Policies intended to enhance the participation of citizens in cultural life and, particularly, in artistic activities, also focus on the availability of both in-school and out-of-school arts education. The Creative School programme (Skapande skola) is a government programme allowing municipalities and other school principals to apply for grants from the Swedish Arts Council for cultural projects involving children in preschools, and in the obligatory first ten years of school (ages 6-16 years old). The Creative School programme was granted SEK 196 million for grants in 2021.Voluntary municipal music schools also exist in most municipalities, providing after-school activities for schoolchildren. Since the 1990’s their activities have widened their focus from classical music to a broad selection of cultural expressions, including subjects such as music, dance, drama, theatre, and art, with music retaining its status as the most commonly offered subject.

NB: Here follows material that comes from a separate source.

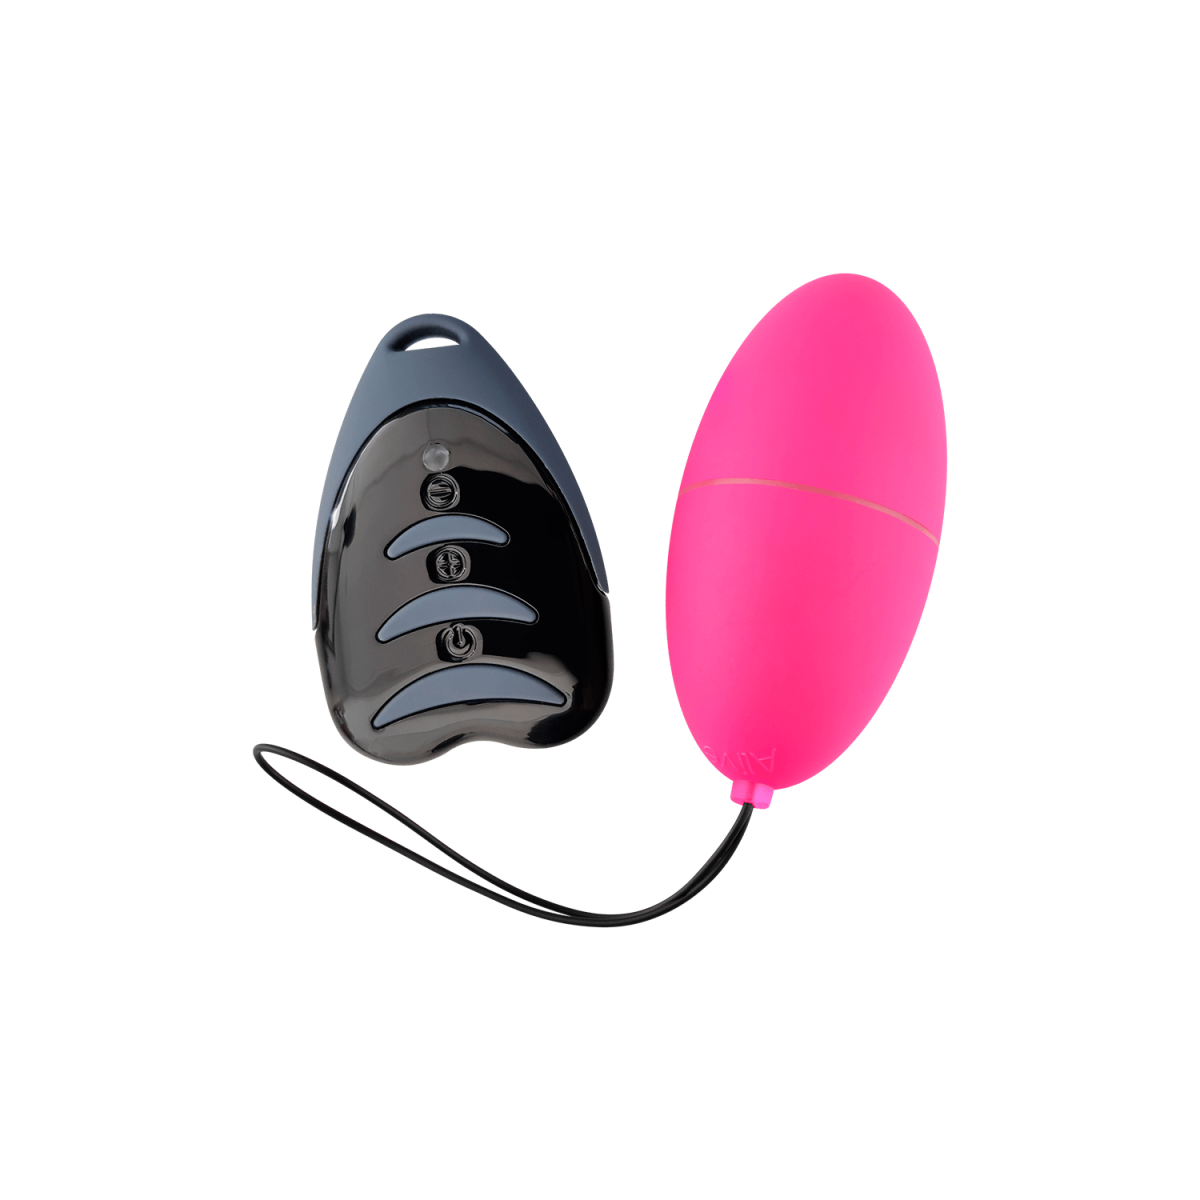 Ovetto vaginale vibrante Magic Egg 3.0 pink

The major recipients of government grants for cultural activities on the amateur level are the national study associations. In 2019, their funding from the national government amounted to more than SEK 1.9 billion. To this are added varying sums from local and regional governments, as well as income from various fees. Statistics show that most of the activities organized by the study associations can be described as cultural activities, ranging from lectures and study circles on cultural matters to rock music and theatre groups rehearsing. Easily available music training and public facilities for rehearsals have often been pointed out as an explanation for Sweden’s internationally successful music scene. Others have pointed to the prevalence of cultural group activities such as study circles and singing in choirs to explain the cohesiveness and high levels of trust in Swedish society.